§ WORK REQUEST:
Go to the line with "Image of a black" in the material below and copy from there through the line with "DJI Osmo Mobile", exactly. Pictures are not copied.

§ ENTRIES PROVIDED:
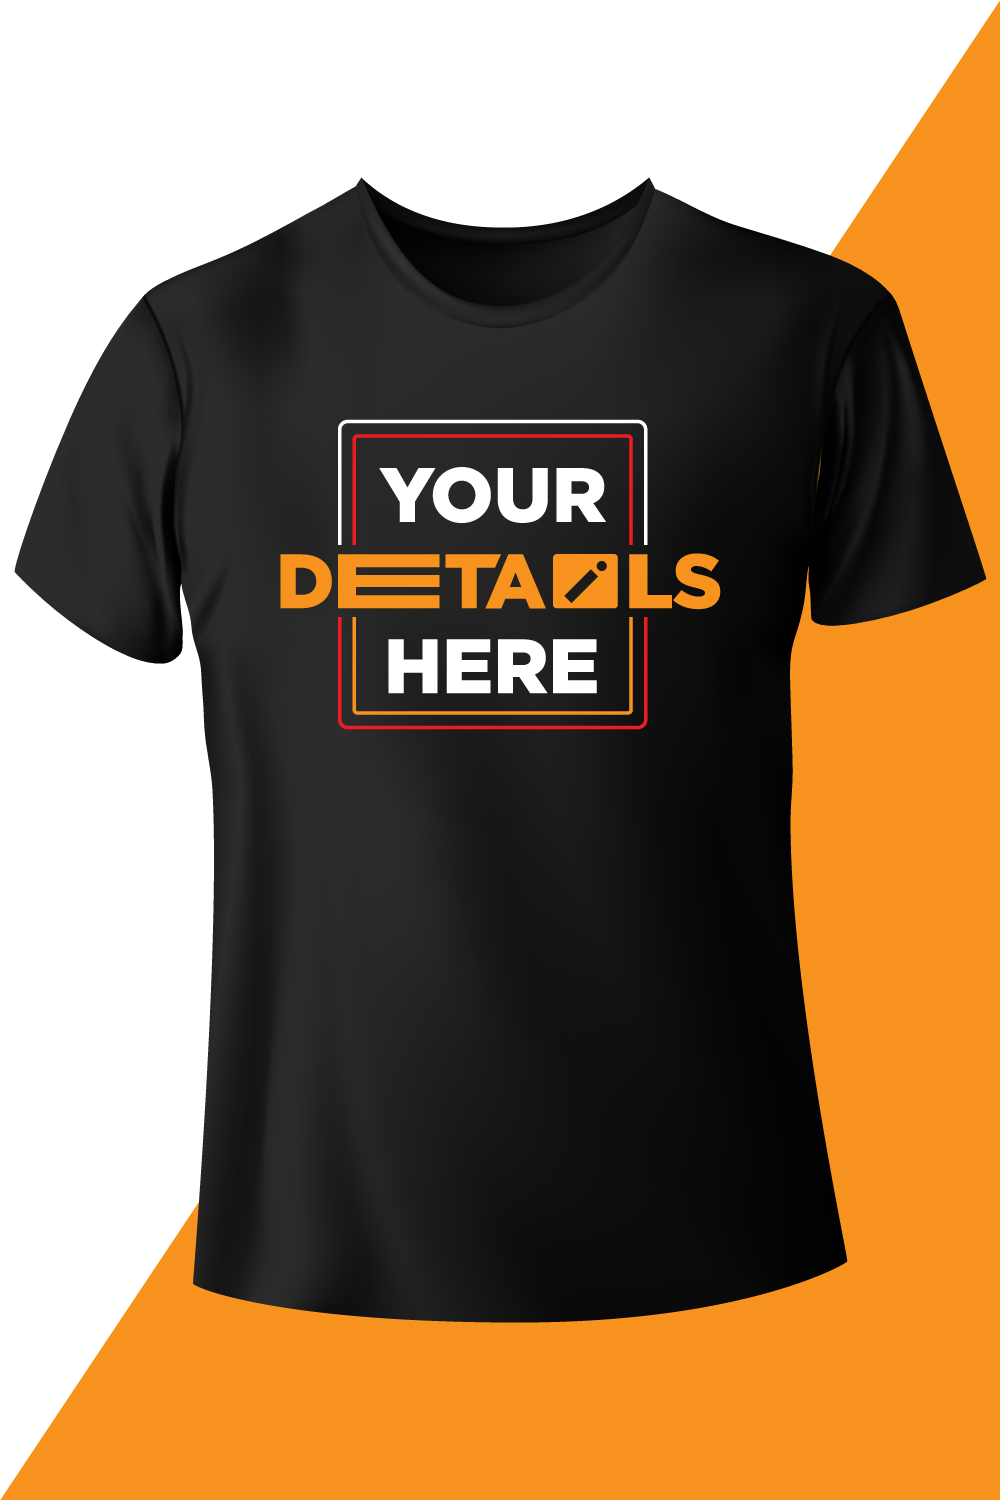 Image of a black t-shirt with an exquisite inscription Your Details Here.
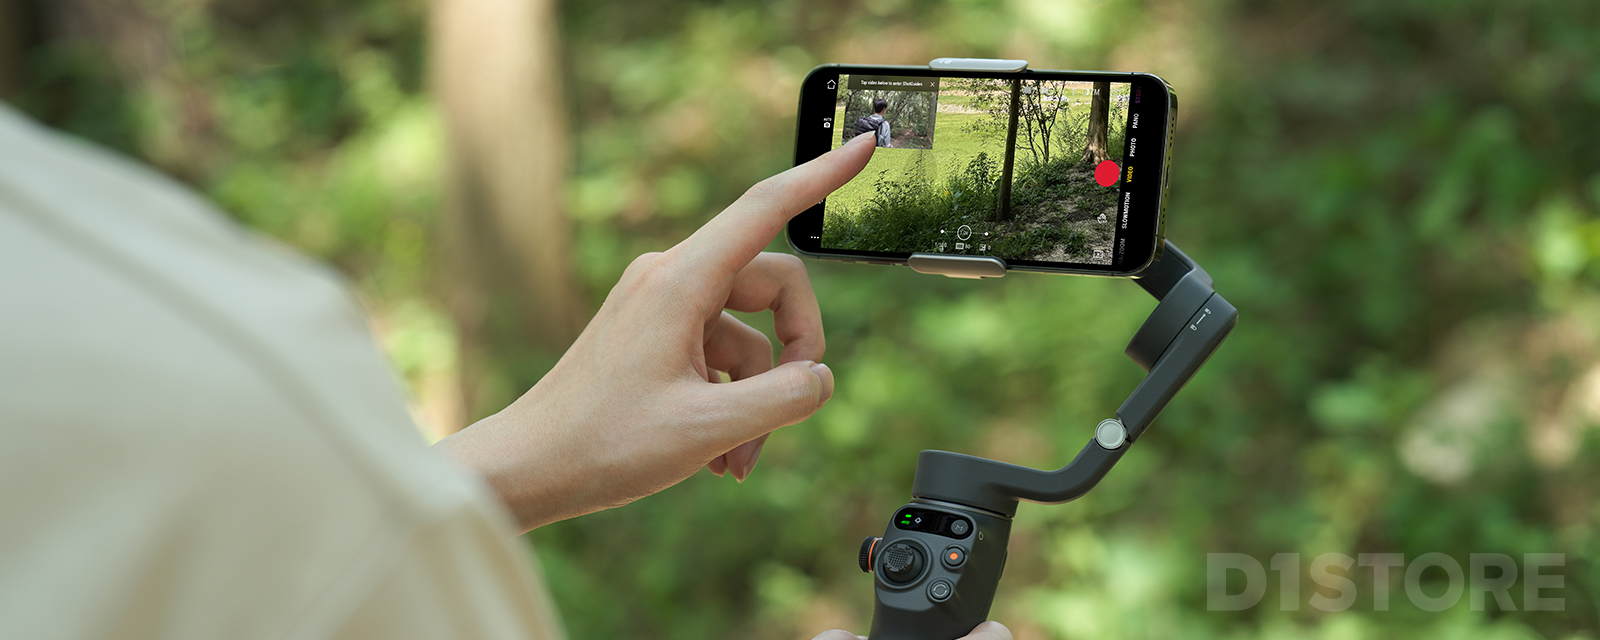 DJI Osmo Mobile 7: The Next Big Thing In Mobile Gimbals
==
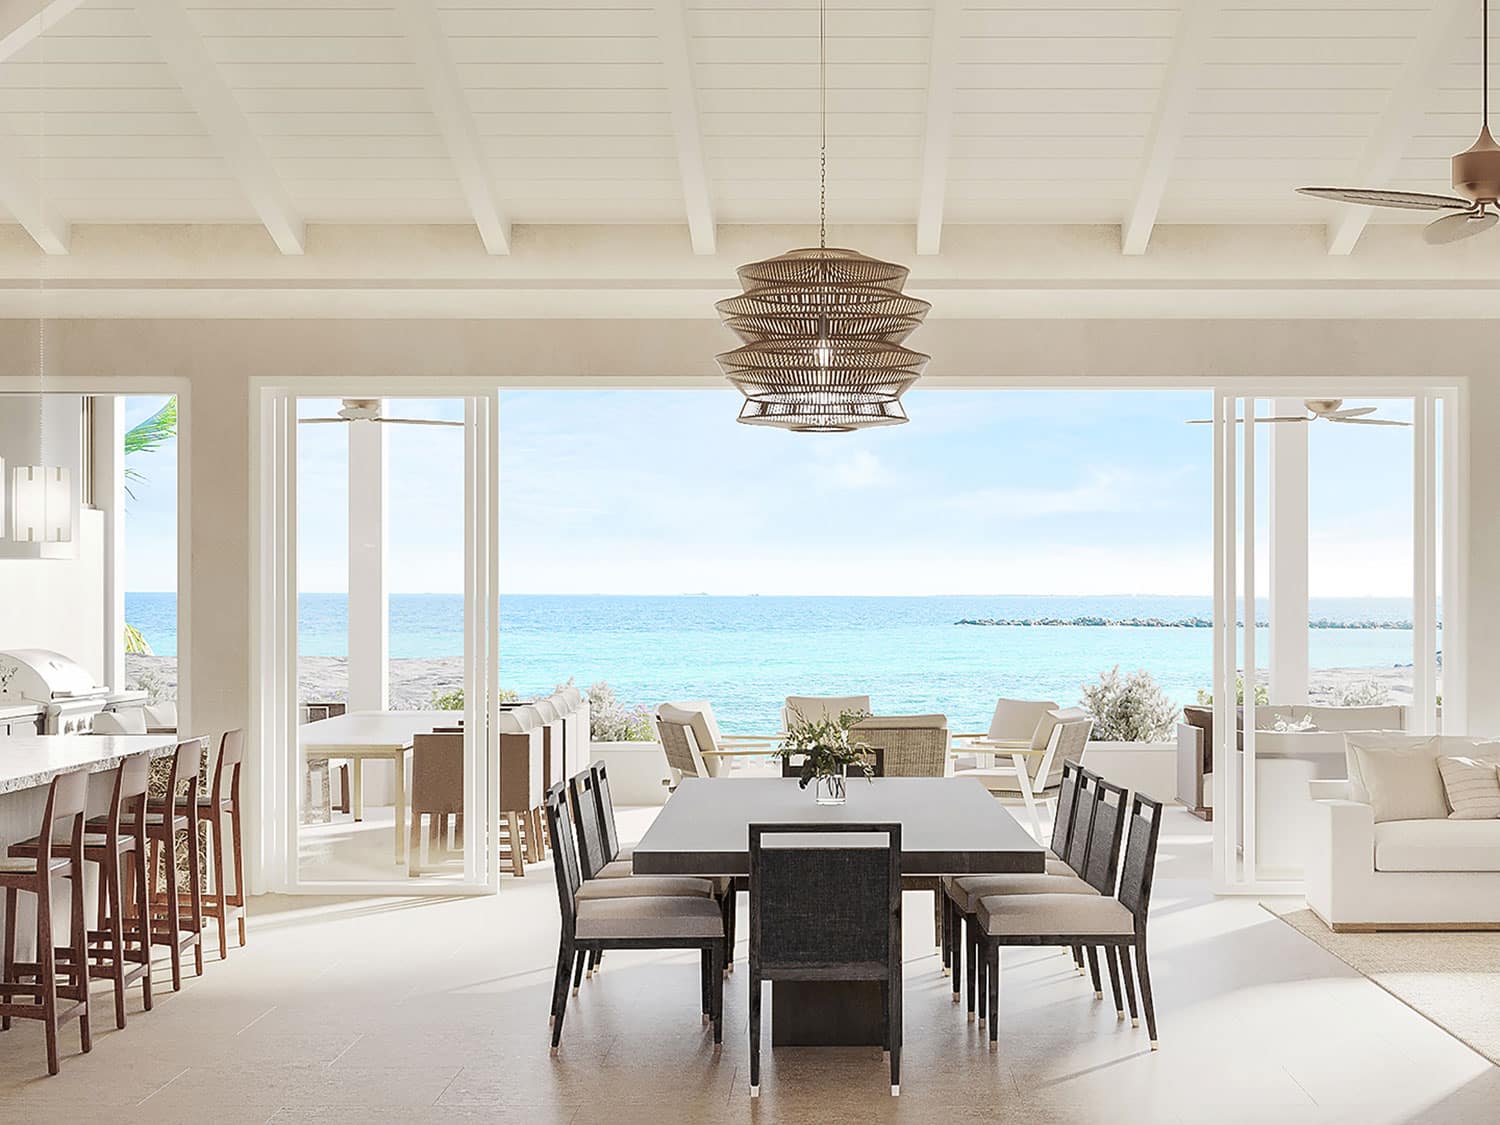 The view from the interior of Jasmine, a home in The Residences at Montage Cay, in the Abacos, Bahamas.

§ OUTPUT OF THE TASK:
 Image of a black t-shirt with an exquisite inscription Your Details Here.
 DJI Osmo Mobile 7: The Next Big Thing In Mobile Gimbals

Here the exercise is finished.